I Still Love Everybody, but With a Couple More Exceptions.
“Oh my God, did you hear that?” I said to the sample lady, stepping forward and shaking my head. “Did you hear that phone? Did you hear that? It was like some crazy sonar signal, that sharp, sharp noise going into my head, God, it was like a torture device, is my ear bleeding? Is there blood there? Can you see any? I mean, where do you even get a phone like that, the Central American Secret Police Store? You could win a revolution with a phone like that. You could kill dolphins with that phone. That phone would totally kill a dolphin, they have very sensitive brains! I mean, I was trying to love those girls, I was, I was really trying to love them, but my God, that right there is solid proof that evolution has hit the road, baby. That’s right. We’re nothing but monkeys with covered nipples is all. That’s all we are. Are you sure you don’t see any blood?”
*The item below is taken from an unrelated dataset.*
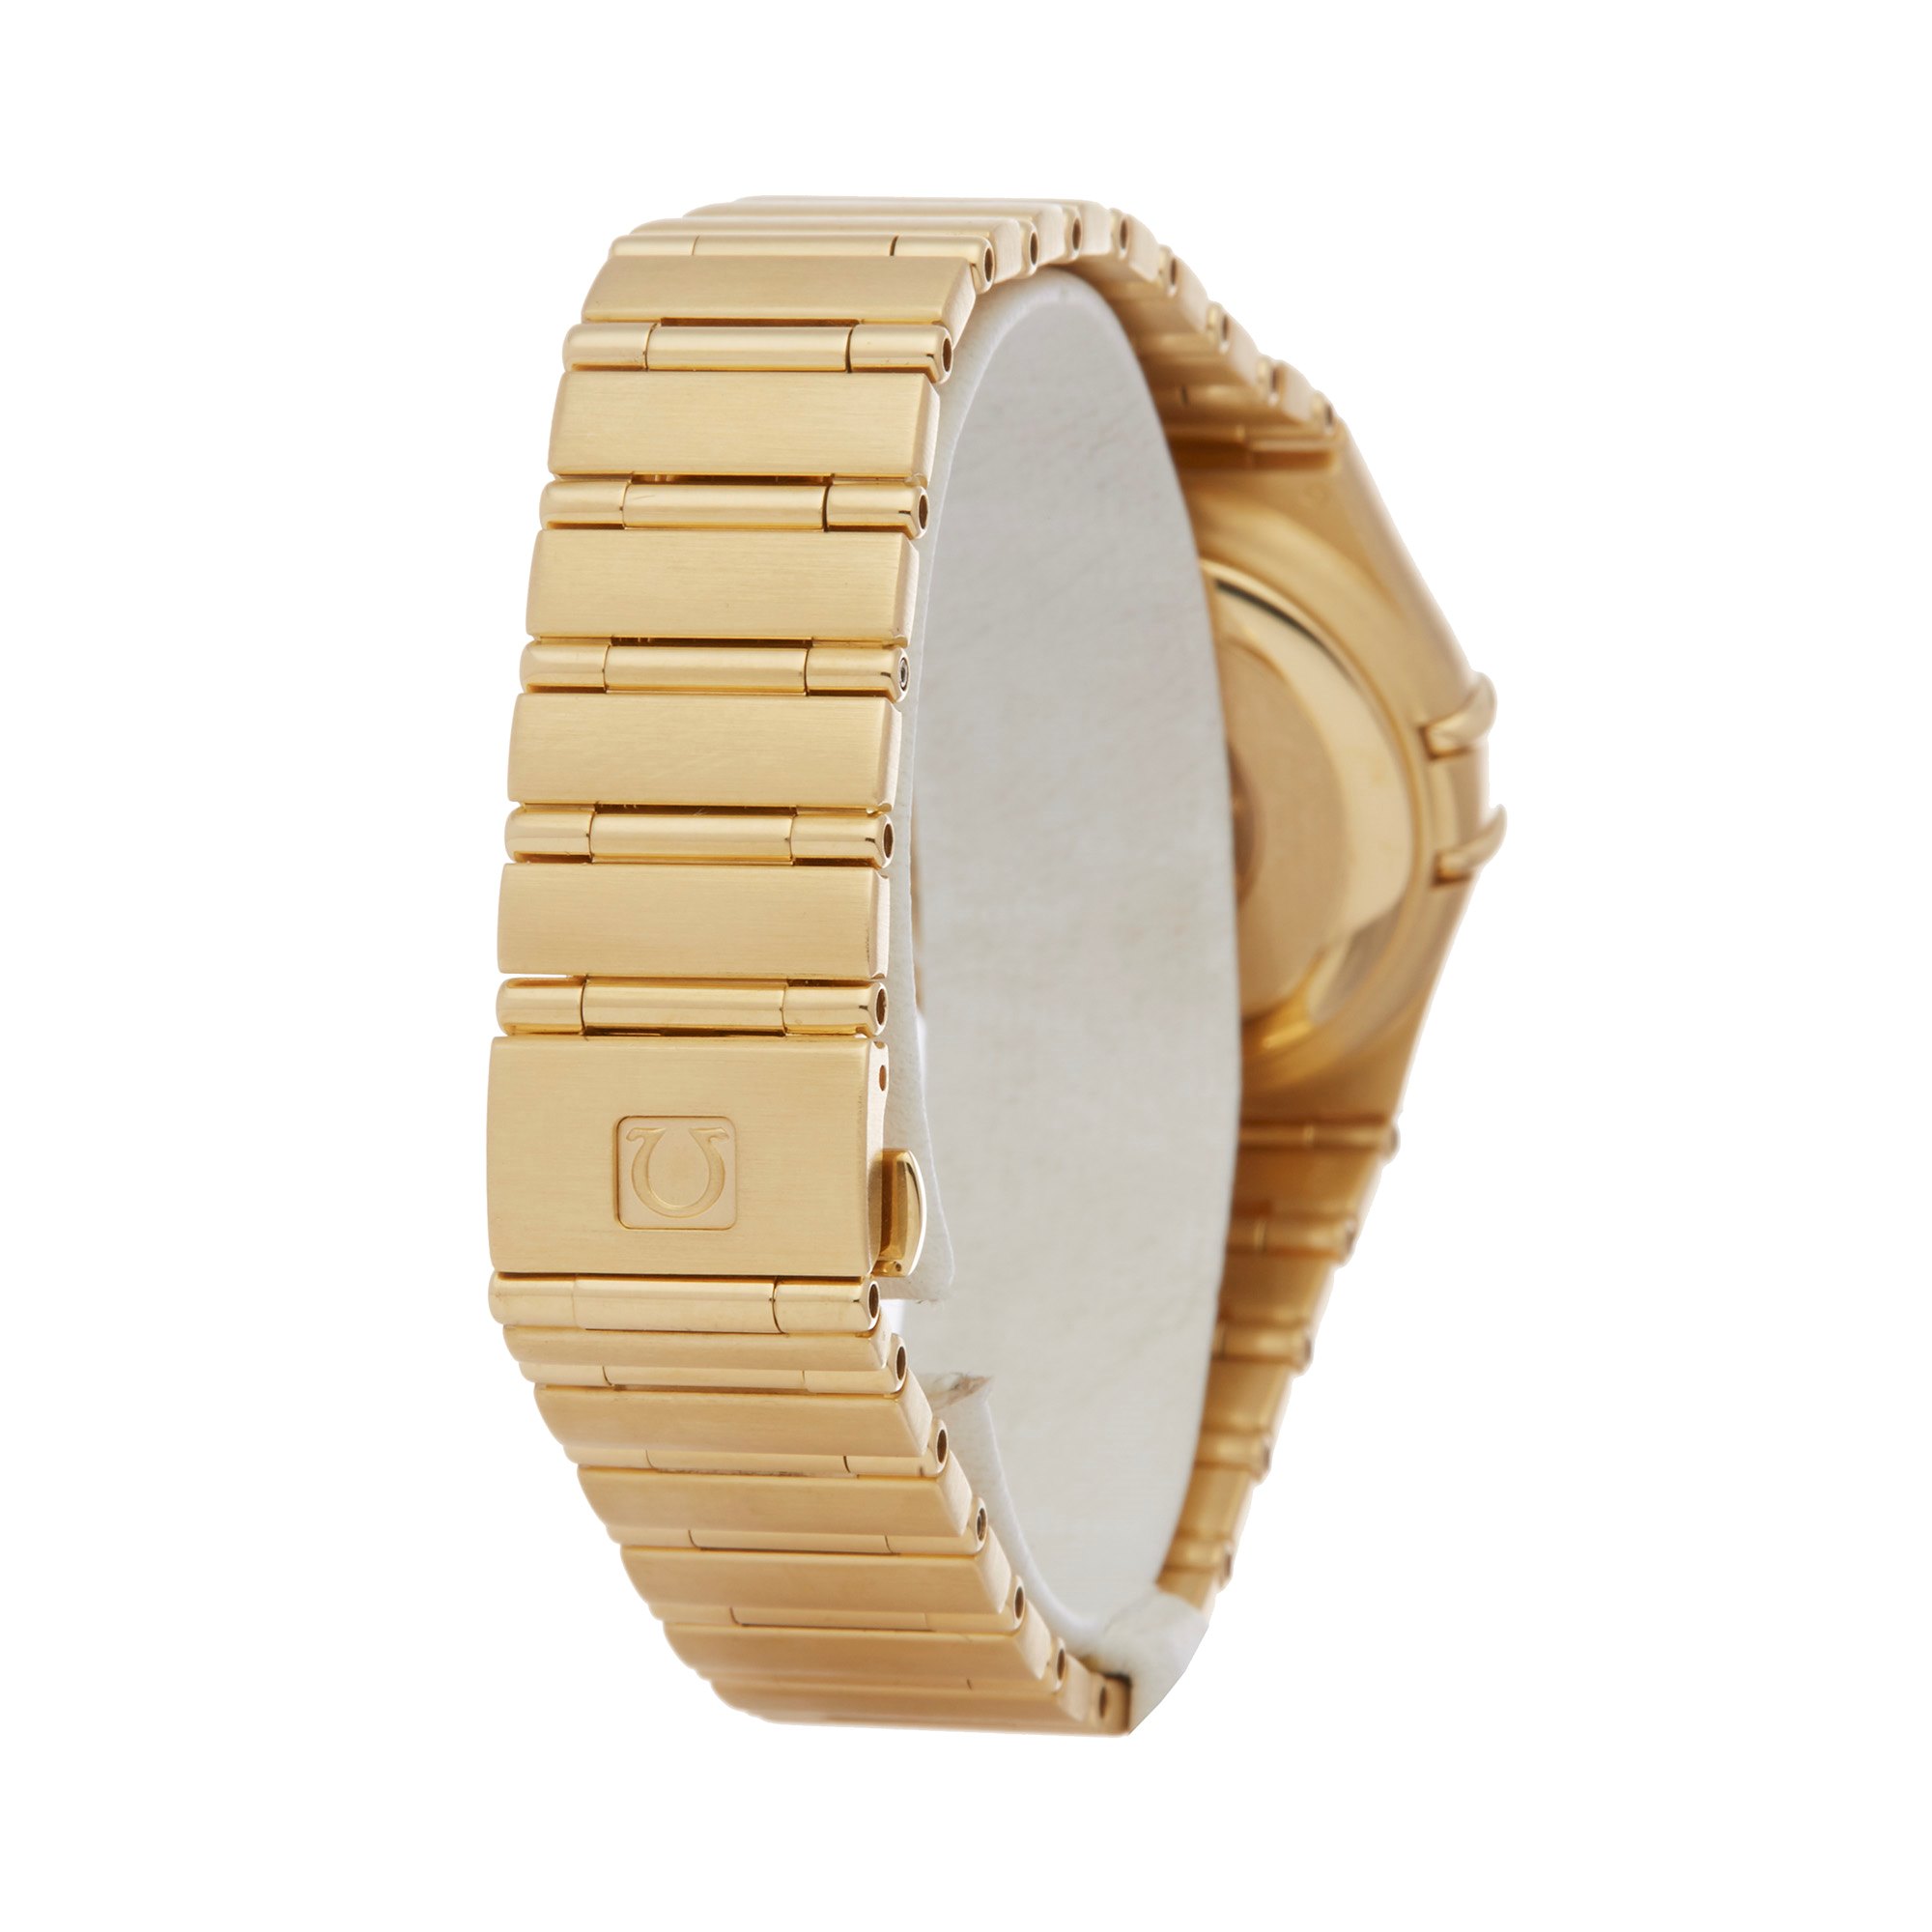 Omega Constellation 1197.79.00 Ladies Yellow Gold Iris Mid Size Automatic Watch - Image 5 of 7

The sample lady smiled. “We have cherry, raspberry, peach, or blueberry. What flavor of sugar-free fruit-flavored water would you like?”
“Blu—” And then I stopped for a moment. “What? You mean to tell me I have been standing in line this whole time for sugar-free water? I waited in line for water? While my brain was being stabbed? That is not a line-worthy sample! It is just not. You don’t even get to chew anything! Water? Who picked water? I can get water for free over at the water fountain!”
“This water is free,” she reminded me.
“That is not what I mean!” I said quickly. “There’s—no—line there! I don’t have to spend time waiting for free water! That is . . . that is what I meant!”